This repository is an example of how you can handle batch processing in AWS Lambda. The example is a simple one, but it can be easily extended to more complex scenarios.
Specifically, this tries to answer the question of how to know when a batch of items has been processed. This is a common problem when you have a large number of items to process and you want to know when all of them have been processed.
There is a blog here and a video here that goes with this repo.
A set large and variable set of items need to be processed. The items are processed using AWS Lambda Functions to process each item. We need to know when all the items have been processed.
AWS Lambda Functions will be used to process each time. Additionally, a number of other AWS services will be used to manage the batch processing. This includes SQS, DynamoDB, and EventBridge. This can be found in the SqsBatchProcessing stack.
This follows Yan's approach and uses Step Functions to manage the batch processing. This can be found in the SfnBatchProcessing stack.
In order from most to least important:
- Cost - The solution should have a low total cost of ownership. This includes runtime costs of Lambda Functions and other AWS services, as well as the cost of development and maintenance.
- Simplicity - The solution should be easy to understand and maintain. This includes the code, the architecture, and the deployment process.
- Scalability - The solution should work well regardless if it's 100 items or 100 million items.

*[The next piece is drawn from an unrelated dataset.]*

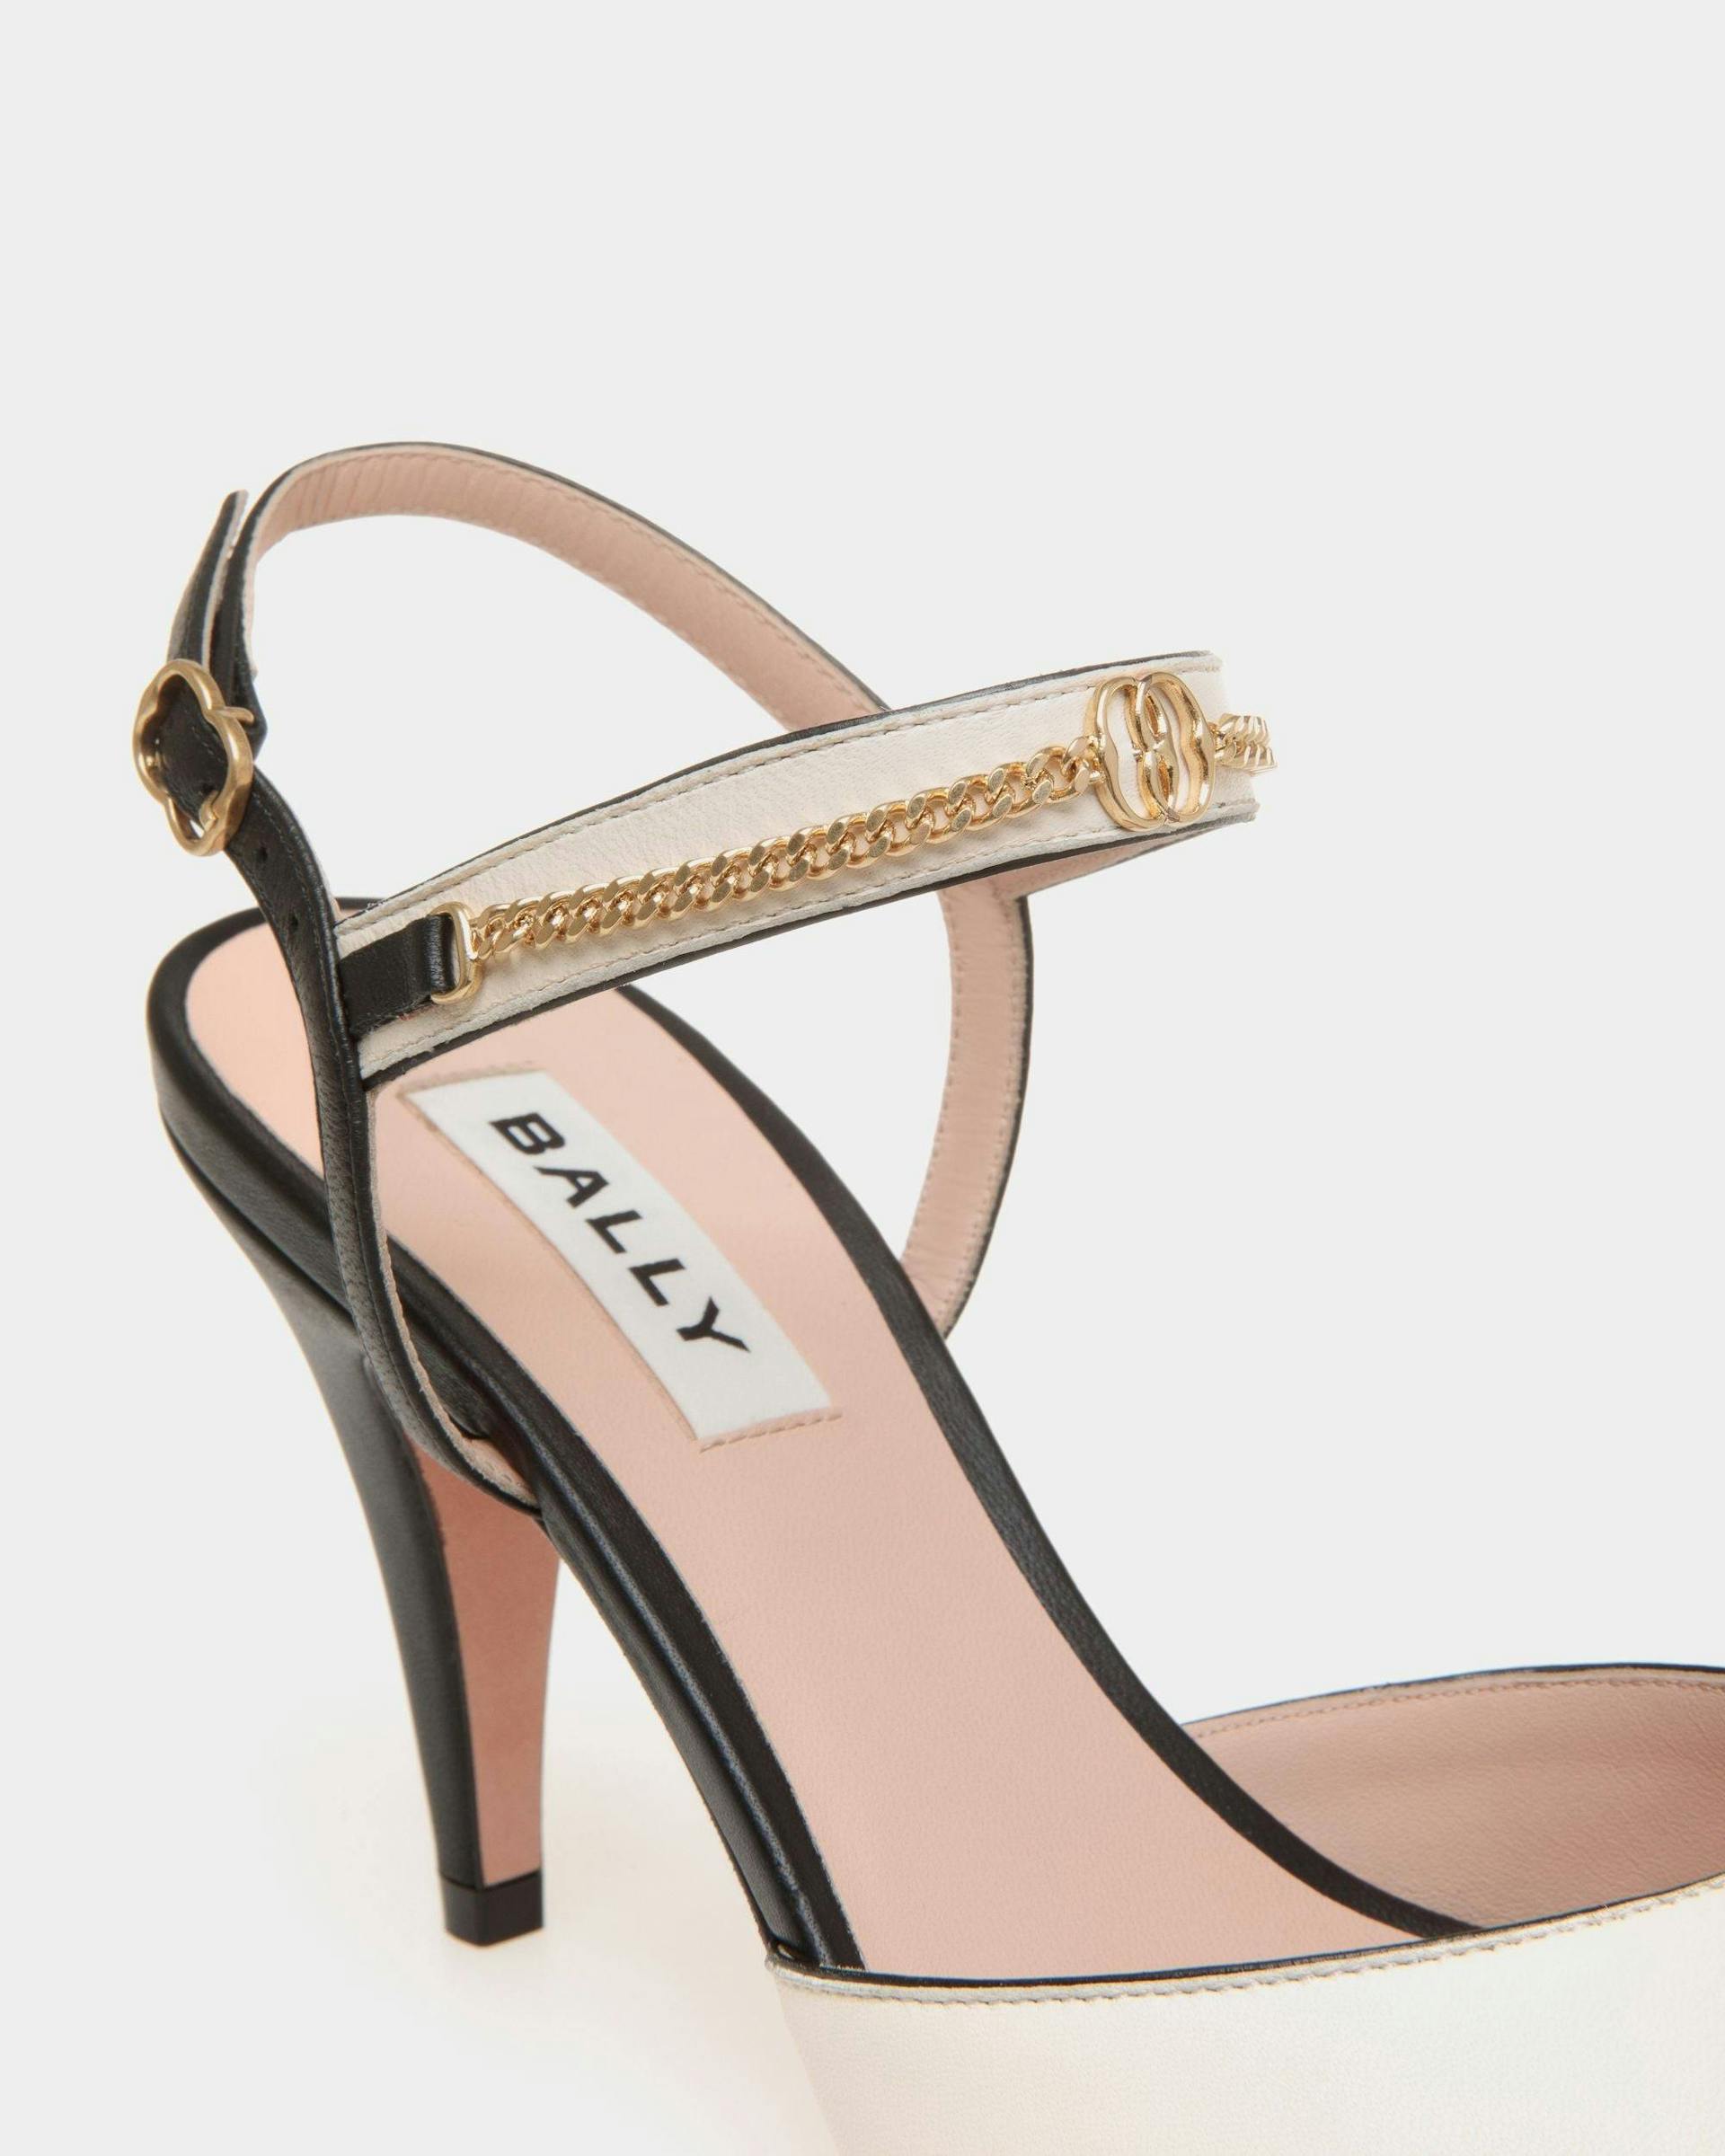 Women's Daily Emblem Heeled Sandal in Black and White Leather | Bally | Still Life Detail

Let's start with some basic definitions:
- 'Item' - a collection of information that needs further processing. In the case of this example the item consists of a unique identifier, 'id', and a random integer between 0 and 1000, the 'value'. This 'value' will be used later to simulate data processing by becoming the amount of time a Lambda Function will sleep.

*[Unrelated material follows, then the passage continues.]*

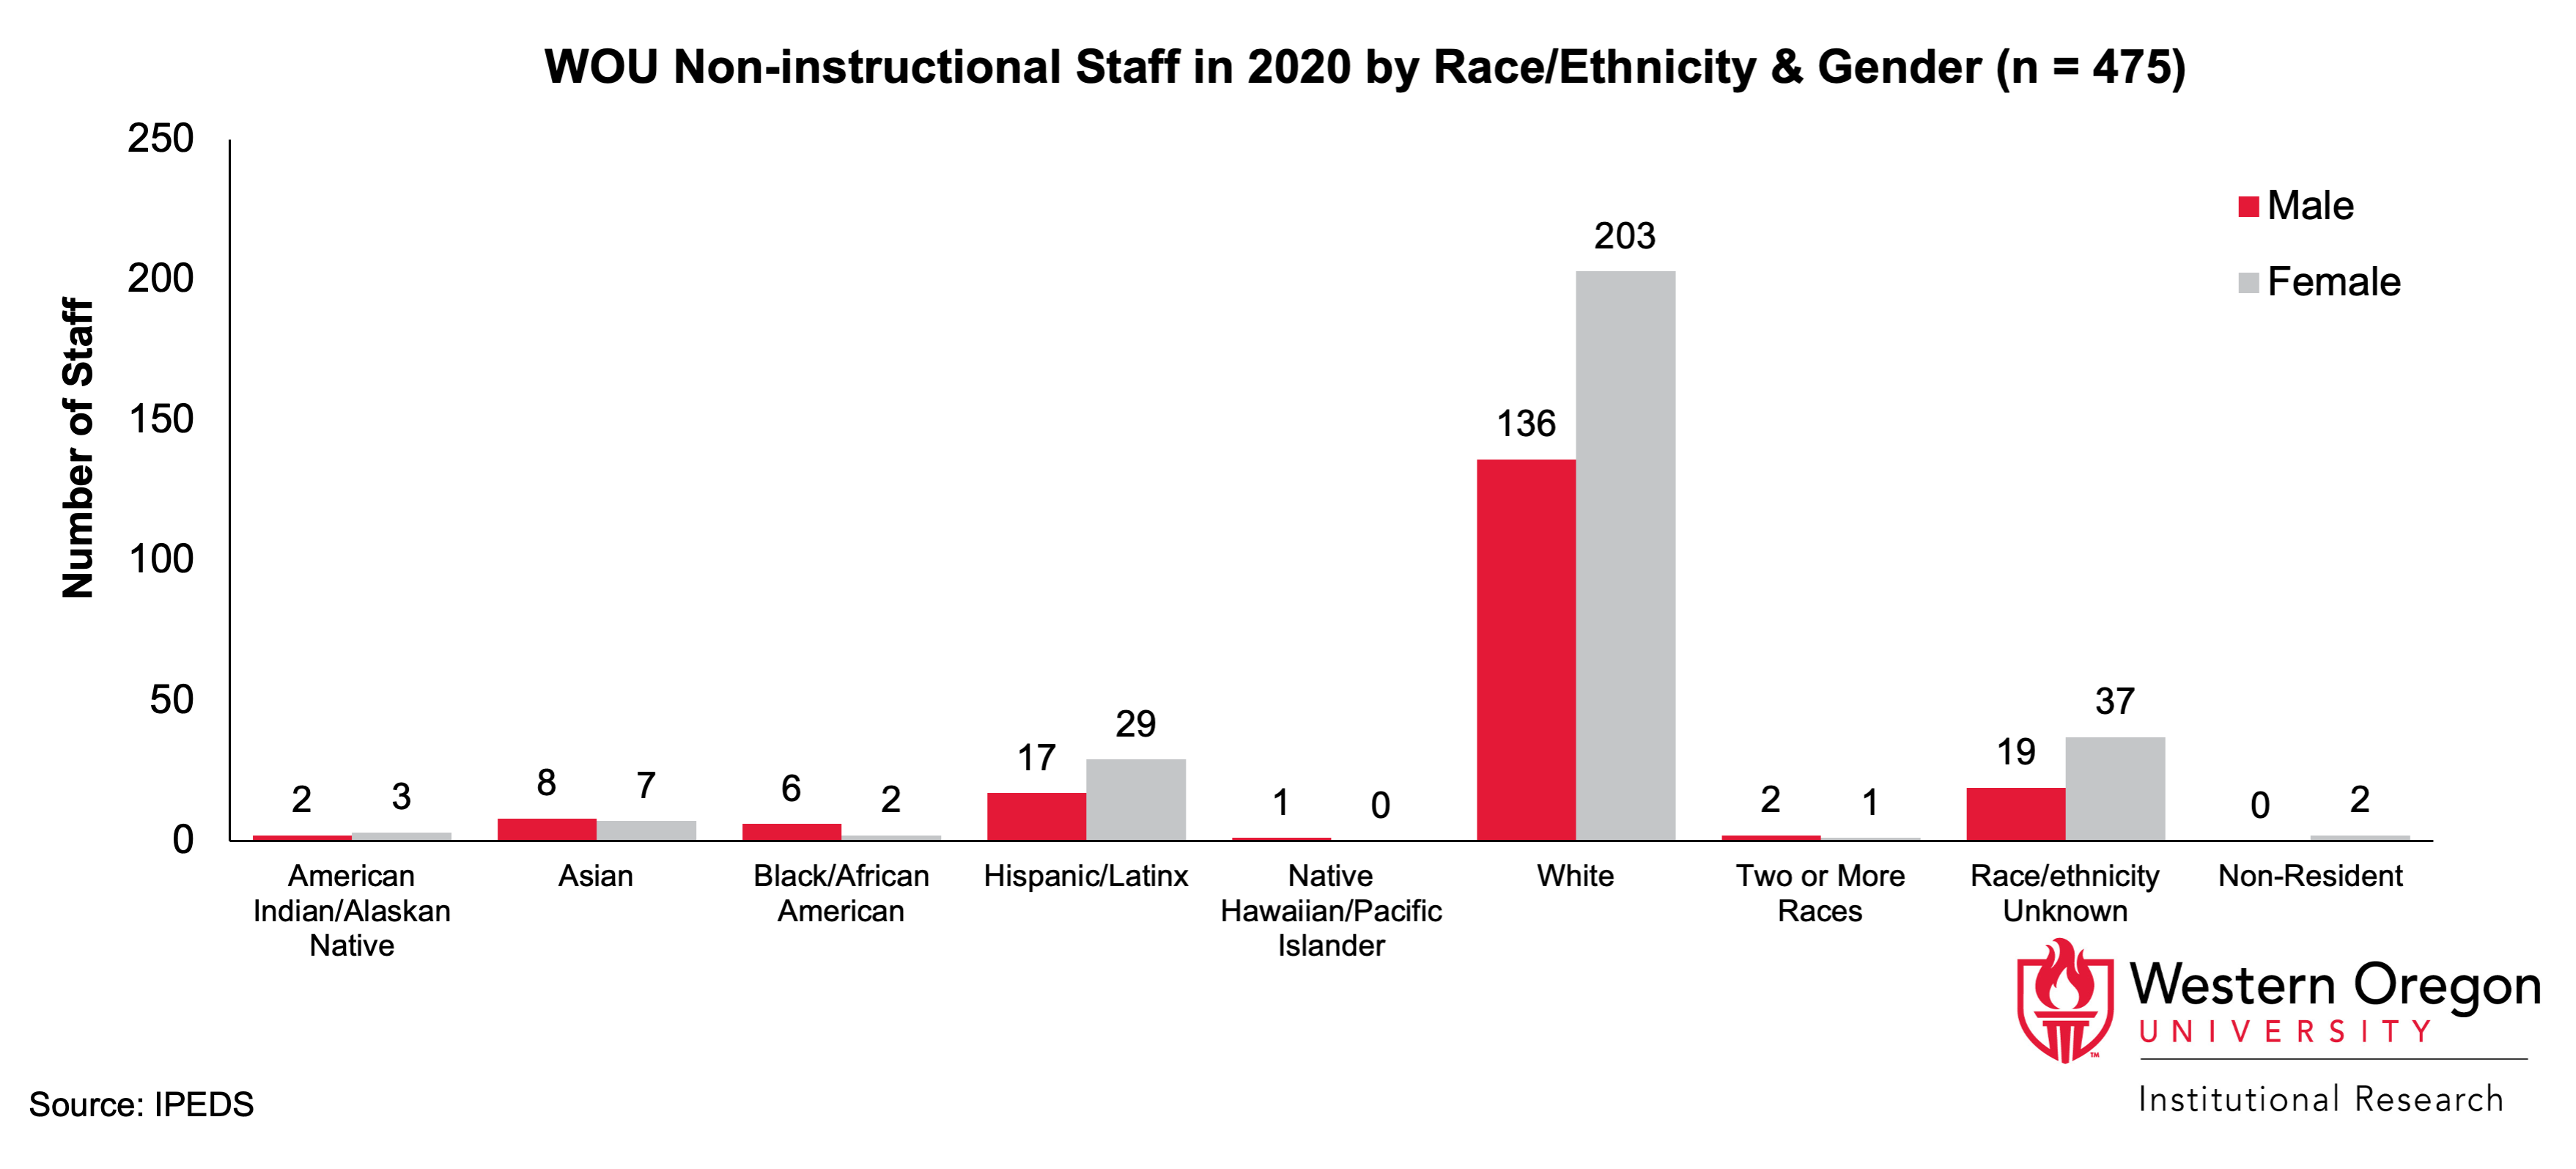 Bar graph of WOU non-instructional staff in 2020 by race/ethnicity and gender, showing that white females make up the largest proportion of WOU's staff.

- 'Batcher' - a Lambda Functions which creates all the items to be processed.
- 'Processor' - a Lambda Function which processes one of many items.
- 'Batch State' - a DynamoDB table which will keep track of each item and its processing state, as well as the state of the batch as a whole.
- 'Finalizer' - a Lambda Function which determines if all items have been processed and sends a notification to that effect.
The architecture is as follows:
- An EventBridge rule with cron schedule (4x a day) triggers the batcher.
- The batcher creates a set number of items to be processed. Each item will have a unique ID and a random 'value' between 0 and 1000. It will write messages to an SQS queue. Each message may contain more than one item to be processed. This will act as a tuning parameter to minimize runtime and costs during optimization routines. It also writes itemState records to DynamoDB.
- The SQS queue is an event source on the processor. The processor will iterate over all items in the message and process each one individually. The processor then removes the itemState record from the DynamoDB table.
- The finalizer runs a query against the DynamoDB table for the given batch to see if there are any records left.
- If there are no records left, the batch is considered complete.